Top 5 Hours for Ask Posts Comments
15:00: 38.59 average comments per post
02:00: 23.81 average comments per post
20:00: 21.52 average comments per post
16:00: 16.80 average comments per post
21:00: 16.01 average comments per post


The most comments occur during hour 15:00 with an average of 38.59 comments.

# Conclusion

In this project, we analyzed ask and how posts to determine which type of post receives the most amount of comments on average.

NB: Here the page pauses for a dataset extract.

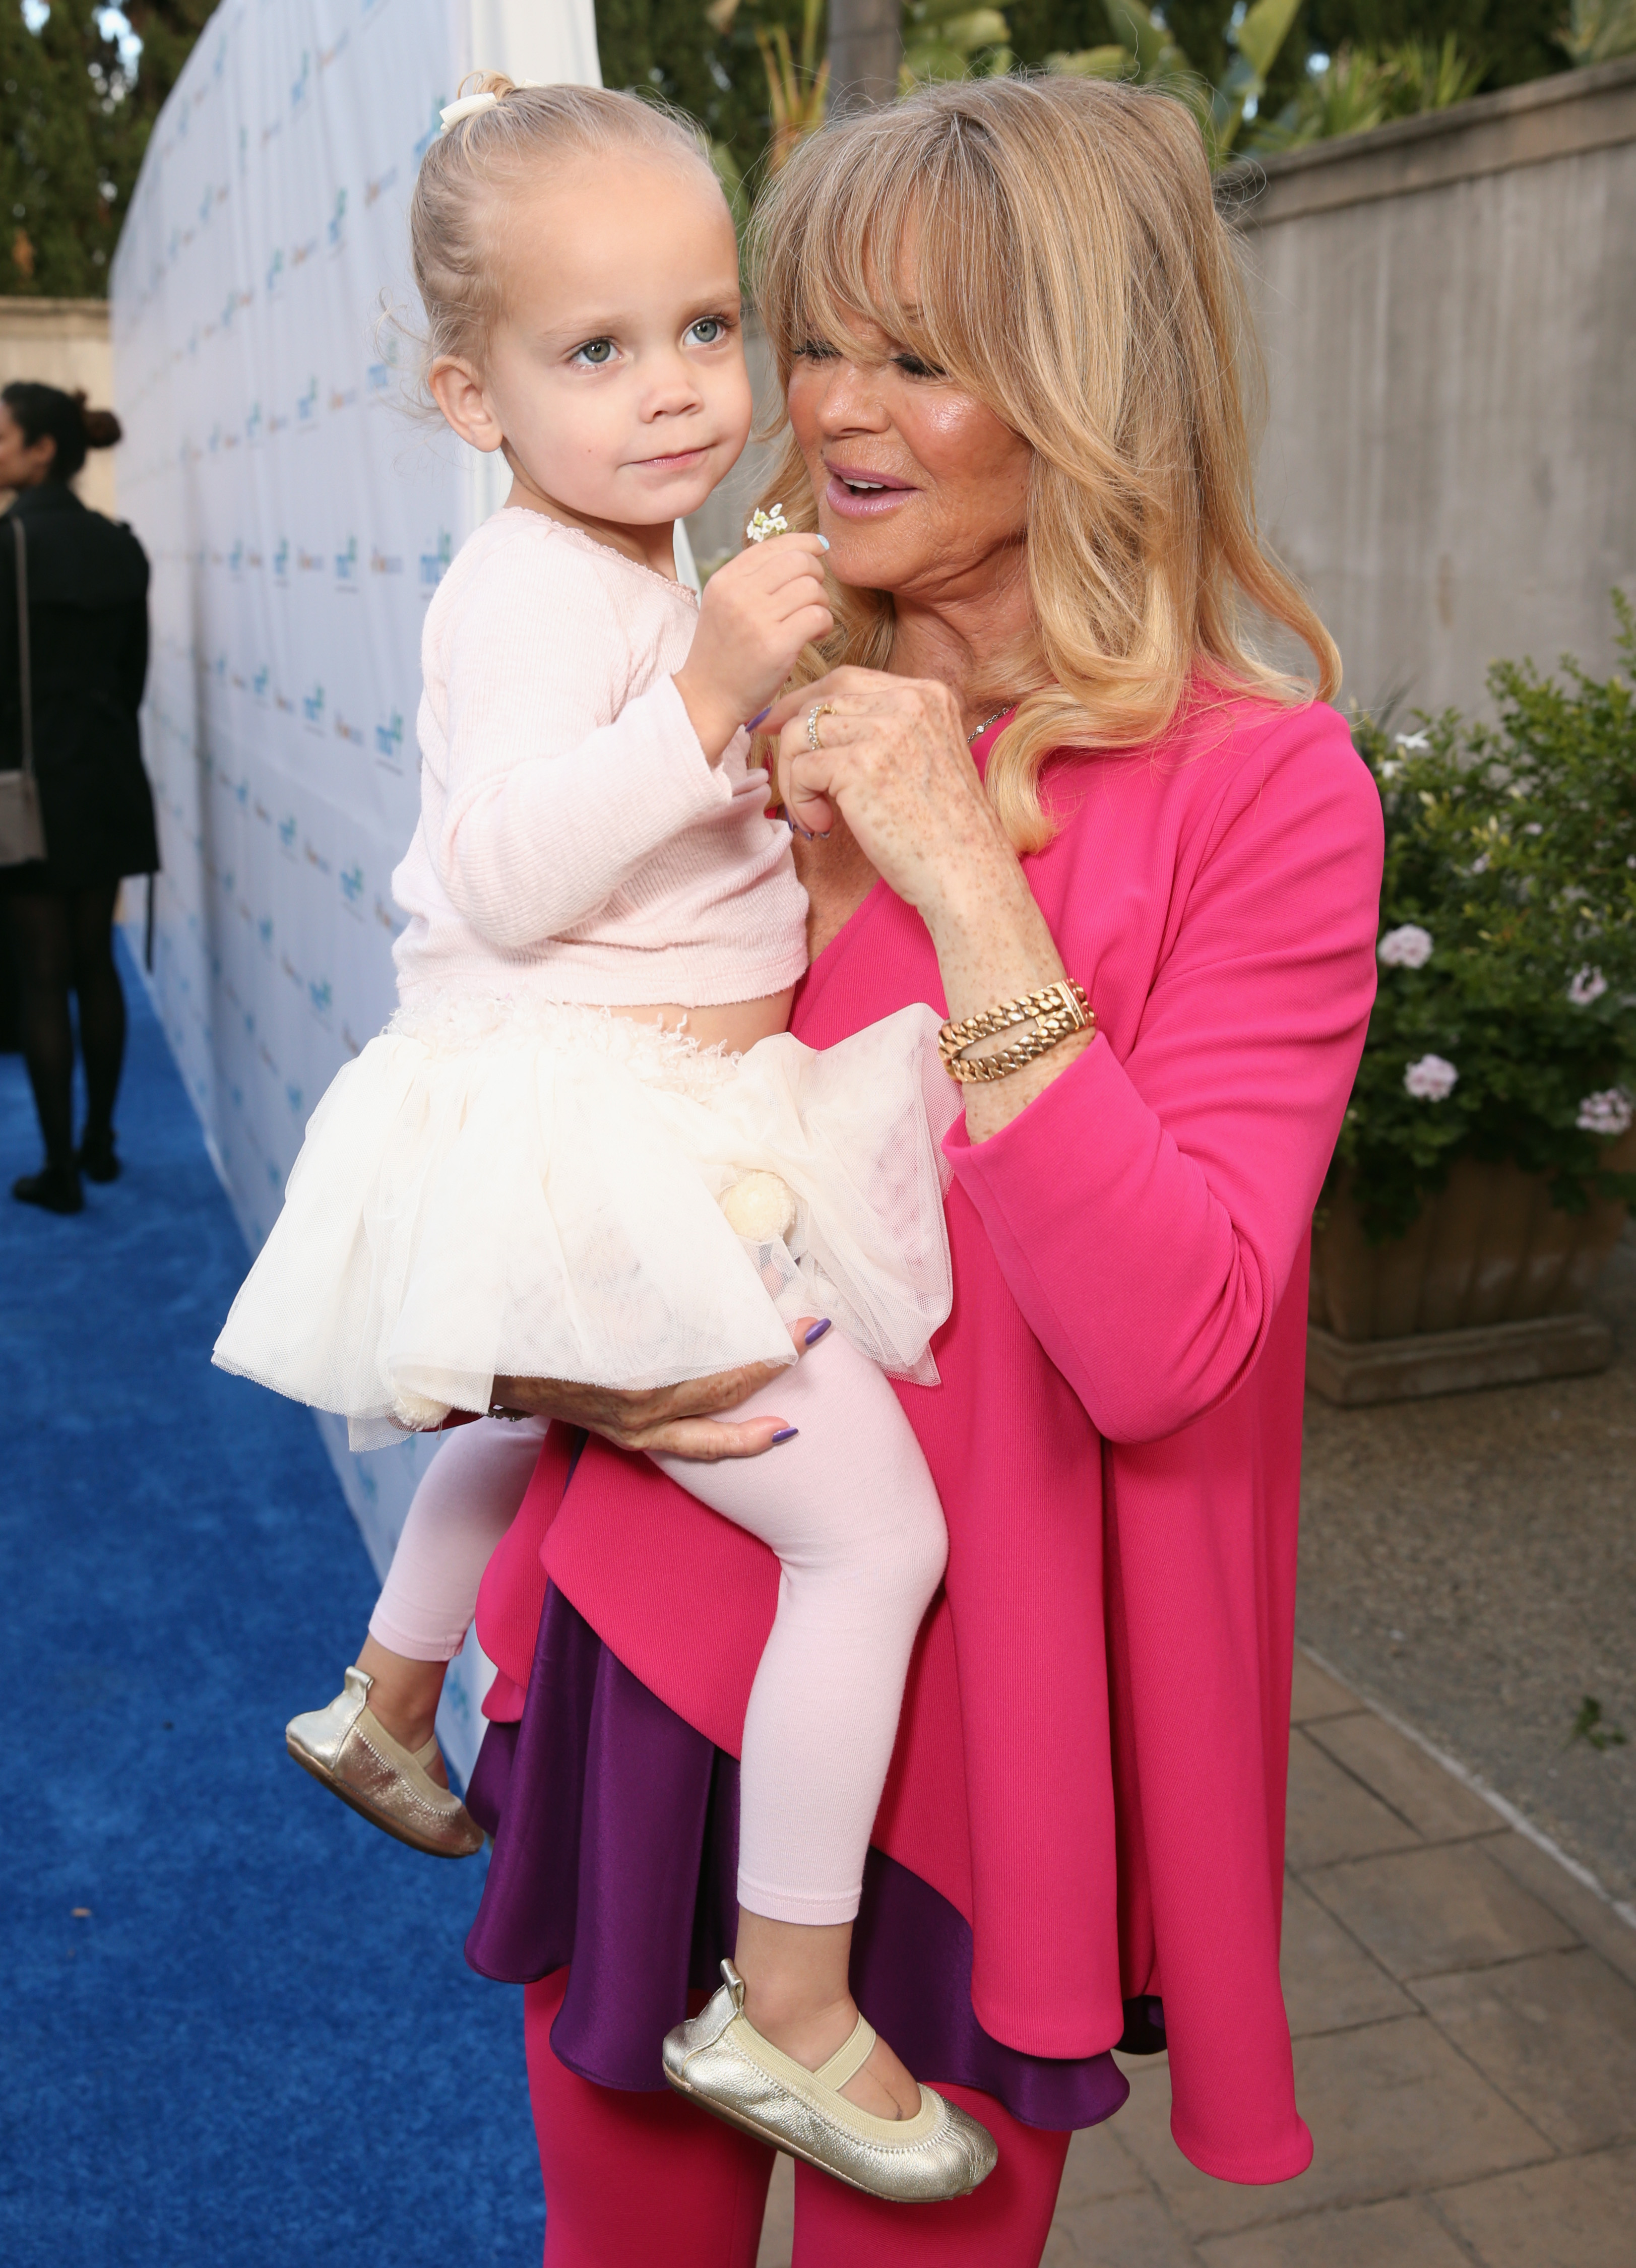 Goldie Hawn with Rio Hudson at Goldie's Love In For Kids event hosted by her in Beverly Hills, California on May 6, 2016. | Source: Getty Images

We determined that ask post on average received the most comments between 15:00 - 16:00.

Possible next steps include:
- Determine if show or ask posts receive more points on average.
- Determine if posts created at a certain time are more likely to receive more points.
- Compare your results to the average number of comments and points other posts receive.